Annalee Newitz, a nonbinary writer who since left the platform, wrote on Substack, “Their leadership are deciding what kinds of writing and writers are worthy of financial compensation. [ … ] Substack is taking an editorial stance, paying writers who fit that stance, and refusing to be transparent about who those people are.”
So, when Substack described its new acquisition Letter as a platform that encourages people to “argue in good faith instead of dropping bombs for retweets,” it made the acquisition worthy of a deeper examination. Statements like this sound agreeable, yet this kind of language often appears in arguments that deem social justice a threat to free speech. But free speech shouldn’t mean endorsing hate speech.
Substack wants to position itself as a neutral platform, and for many writers, it’s a valuable way to make money, especially in an unstable journalism industry. But given that some users have already become skeptical of who Substack chooses to financially incentivize, it’s worth examining the implications of buying Letter, a platform that includes writers associated with the so-called intellectual dark web in its group of twenty “featured writers.” On Letter, some of these writers question the validity of childhood transgender identity and refer to the statement “trans women are women” as propaganda, for example. Substack already lost the trust of some trans and gender-nonconforming writers, and the content on its newly acquired Letter won’t help rebuild that trust.
In addition, Letter co-founder Clyde Rathbone wrote in support of a controversial letter published in Harper’s Magazine, which called for the “concerted repudiation of cancel culture.” But critics of the letter point out that free speech isn’t really at stake here.
The open letter had been signed by over 150 prominent writers — like Gloria Steinem, Noam Chomsky (a Letter author) and Malcolm Gladwell (a Bulletin author). It argued: “We need to preserve the possibility of good-faith disagreement without dire professional consequences.” These “professional consequences” echoed the predicament that J.K. Rowling — who also signed the letter — had put herself in. After denying that trans women are women, her reputation suffered. Some might call that “cancel culture,” but others might call it the refusal to continue to platform people who perpetuate harmful beliefs.
“The panic over ‘cancel culture’ is, at its core, a reactionary backlash,” wrote journalist Michael Hobbes. “Conservative elites, threatened by changing social norms and an accelerating generational handover, are attempting to amplify their feelings of aggrievement into a national crisis.”
Substack says it plans to use the acquisition of Letter to help writers collaborate, and that it won’t integrate Letter into its platform. Rather, the Letter team will relocate from Australia to San Francisco to “bring their expertise to help build more of the infrastructure and support.”
TechCrunch asked Substack if the anti-trans content on Letter is cause for concern within the company, given the recent backlash against the platform.
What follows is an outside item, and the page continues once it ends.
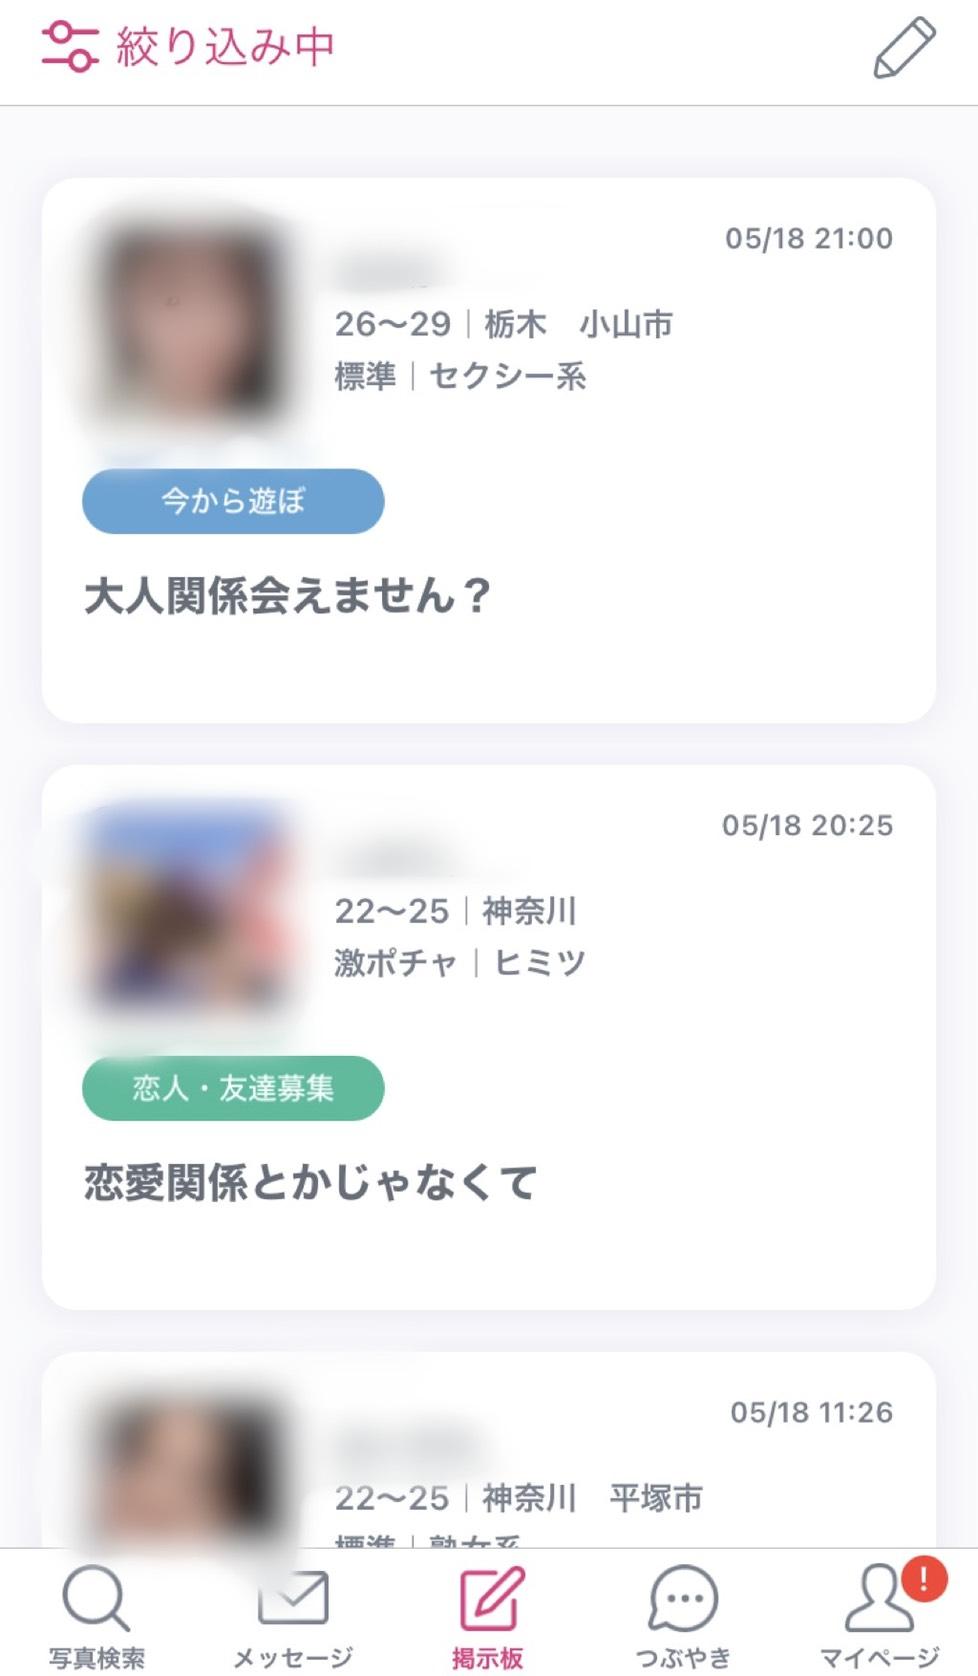 ミントC!Jメールの画像
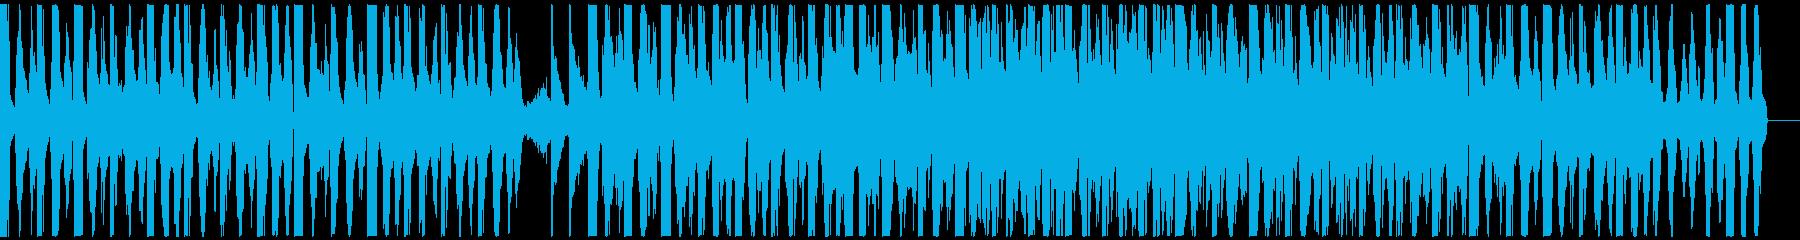 ダーク、インダストリアルなエレクトロビーの再生済みの波形

“We think that open debate and disagreement are absolutely part of having free press, and that includes views that you or I may not like,” a representative from Substack said. “Anyone could browse Substack and find things they agree with and things they don’t agree with. Substack has no ad-driven feeds pushing content based on virality and outrage, and there is a direct relationship between writers and readers who can opt out of that anytime. So the bar for us to intervene in that relationship and tell writers what they should be saying is really high, and the fact that Letter allowed writers to openly debate and discuss is consistent with that philosophy.”